Дом, без Женьки зараставший паутиной, жалостно глядел замытыми полами, тусклыми окнами. Он был с печным отоплением, ветхий, с неровными углами. При редких посещениях Женькиных друзей старый довоенный домишко стеснялся самого себя, но больше – скандалов хозяйки: "Женька, где ты там, чёрт тебя побери?! Отнеси воды свиньям!". Отнесла. "Женька, подотри пол!" ¬– "Мама, можно потом, у меня гости" – "Никаких потом, подождут!". Дом сочувствовал сырым, сирым нутром.
Женька беспомощно окинула взглядом кухню – болезненный замкнутый круг!
– Мама, но ведь ты сама образованный человек, бывшая учительница. Я хочу учиться.
– Не то время – сейчас выживать надо, а не учиться, – швейная машинка опять наставительно заворчала.
Родители были напуганы постсоветским кризисом. Мать, учительница химии, ушла из школы, где платили копейки. Сделала всё, чтобы и муж, историк в той же школе, нашёл другую работу. Он, недолго думая, взял в аренду грузовик и занялся перевозками зерна, сена, песка, порою сидя за баранкой целыми днями.
Построили теплицу – огромную, не сразу обойдёшь; под строительство теплицы продали "Москвич". Через два года купили иномарку: Женька-школьница и мать не разгибались в теплице круглый год с утра до вечера. И зачем девочке быть студенткой? Когда учиться?..
…Вот Женькина комната с высокой этажеркой, полупустым шифоньером, кроватью и тумбочкой из плохонького спального гарнитура… Как страшно здесь бессонными зимними ночами одной (нет, нет, не одной – с плюшевым медведем, Митькой), на улице – буран, в посёлке авария, света не будет скорее всего несколько дней… В доме маленькие окошки, на них – давно не стиранный, штопанный тюль. Деньги в семье берегут, не тратят. Пришлось девчонке, кроме домашней работы в теплице, устроиться (через знакомого!) в типографию наборщицей, чтобы иметь возможность учиться, – дома скандал за скандалом. Мать ударила половой тряпкой по лицу. Отец вступился… за мать: "Женя, ты почему не можешь с матерью ладить?"

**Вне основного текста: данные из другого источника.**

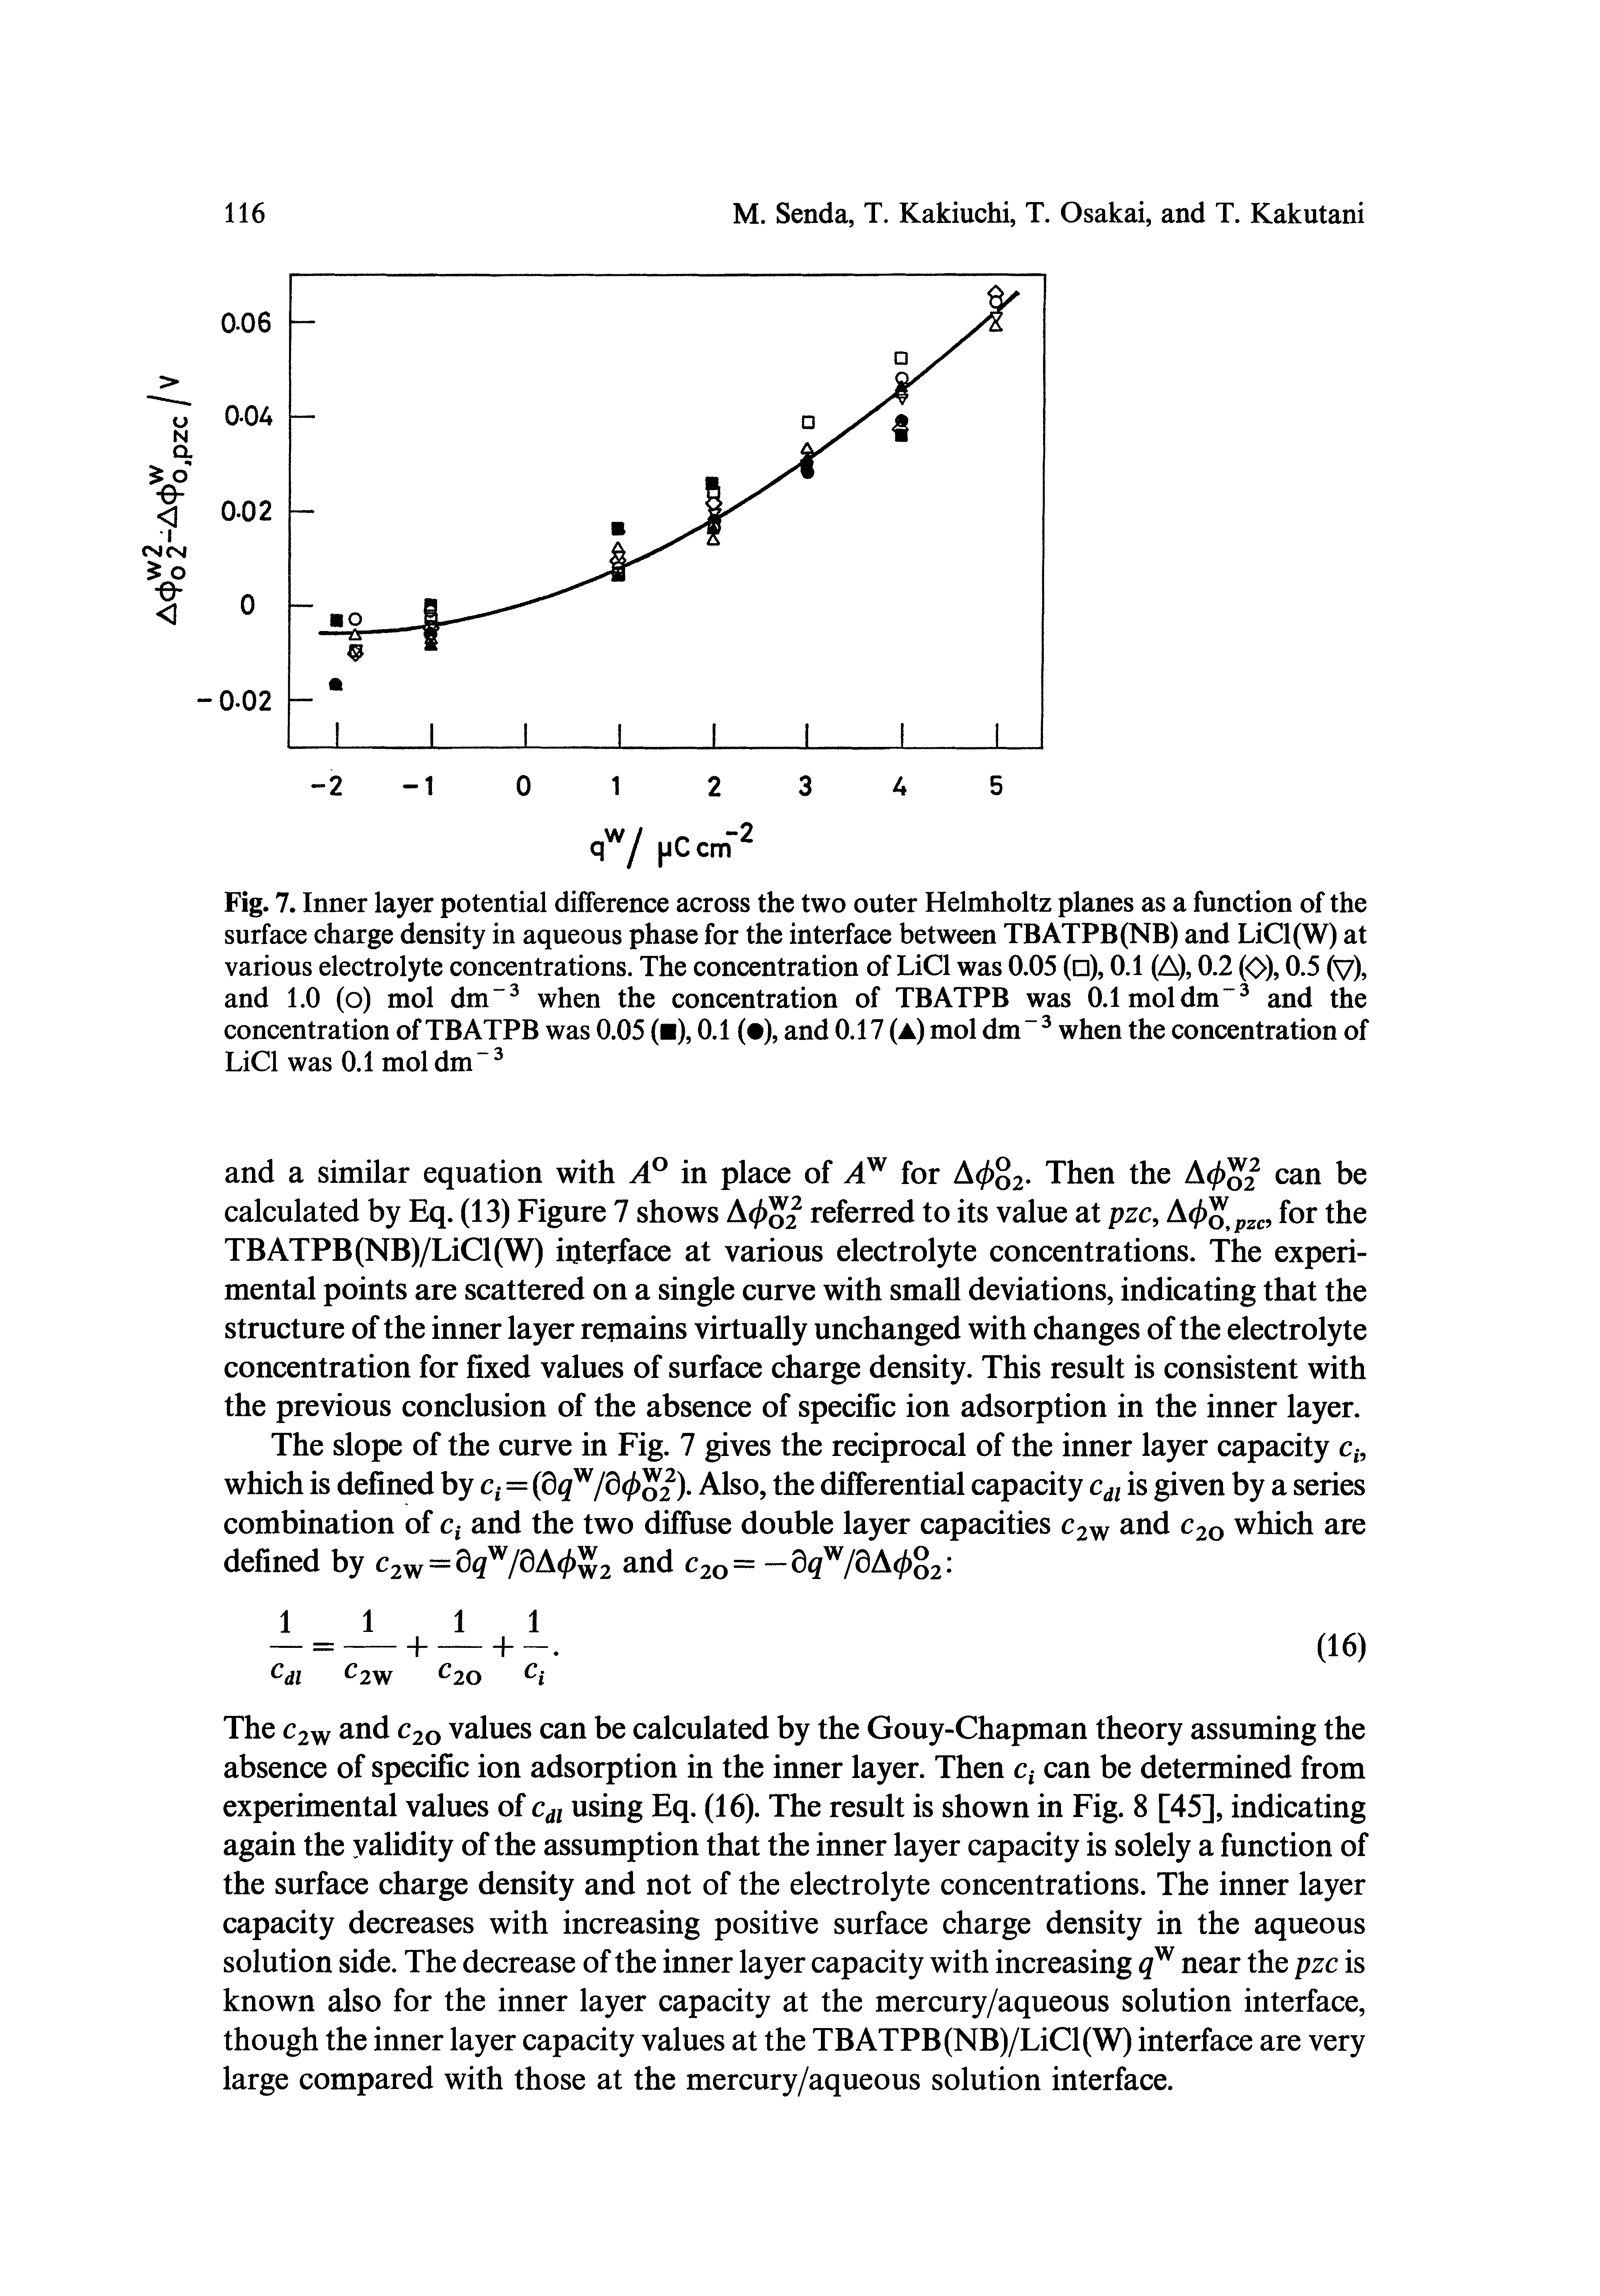 Fig. 7. Inner layer potential difference across the two outer Helmholtz planes as a function of the surface charge density in aqueous phase for the interface between TBATPB(NB) and LiCl(W) at various electrolyte concentrations. The concentration of LiCl was 0.05 ( ), 0.1 (A), 0.2 (O), 0.5 (v), and 1.0 (o) mol dm" when the concentration of TBATPB was 0.1 mol dm and the concentration of TBATPB was 0.05 ( ), 0.1 ( ), and 0.17 (a) mol dm" when the concentration of LiCl was 0.1 mol dm ...

 Сердце болезненно ноет. У Митьки – лицо, мокрое от Жениных слёз, измятая шёрстка. Зовут его в честь Димы – эгоистичного молодого человека, многолетней Женькиной страсти. Она любила его, он тоже любил себя… "Ты всегда нервная, затравленная… А мне нравятся уверенные в себе девушки, таких хочется на руках носить!" – с высоты Диминого роста слова звучат веско и хлёстко.
   Вой ветра, а завтра с раннего утра Жене сквозь буран на работу: по занесённой снегом тропке полчаса пешком до остановки, затем – полтора часа маршруткой, до центра города. Девчонки приходят в типографию нарядные, подкрашенные, с уложенными волосами, не спешат, хохочут. Некоторые выходят из соседних многоэтажек не раньше, чем за десять  минут до начала работы. А Женька уставшая, подавленная, в сумке – Митя, ведь надо же к кому-то прижаться, если станет совсем худо…
Щелчок в ушах (наверное, трещит время?), Женя с трудом возвращается в реальность.
– Евгения, расскажите, пожалуйста, о Марлене Алимове, – молоденький полицейский задумчиво водит по своей щеке колпачком ручки. По возрасту он не старше Женьки – ему лет двадцать пять, не больше, ещё не опытный, но зато очень старательный. Он представился Ильёй, без отчества.
– Марлена знаю с детства. Я с детских лет дружна с его братом, Жанатом: познакомились на соревнованиях между школами. Они не близнецы, но очень похожи, почти одинаковые. С Марленом общалась крайне редко, иногда он появлялся  возле Жаната, – голос не слушается Женьку, чуть срывается.
– Они похожи внешне? – переспросил служитель закона.
– Их часто путали даже родители. И я несколько раз. Вот, взгляните, – Женя сняла со стеллажа пухлый альбом, нашла нужную фотографию.
Следователь взял её в руки. Два высоких, молодых, практически одинаковых парня! Худощавые, скуластые, с красивыми восточными лицами: небольшие умные глаза, чувственные губы. У левого, в светлой футболке и шортах, – открытая улыбка. Правый, в джинсовой одежде, внутренне зажат, но тоже улыбается.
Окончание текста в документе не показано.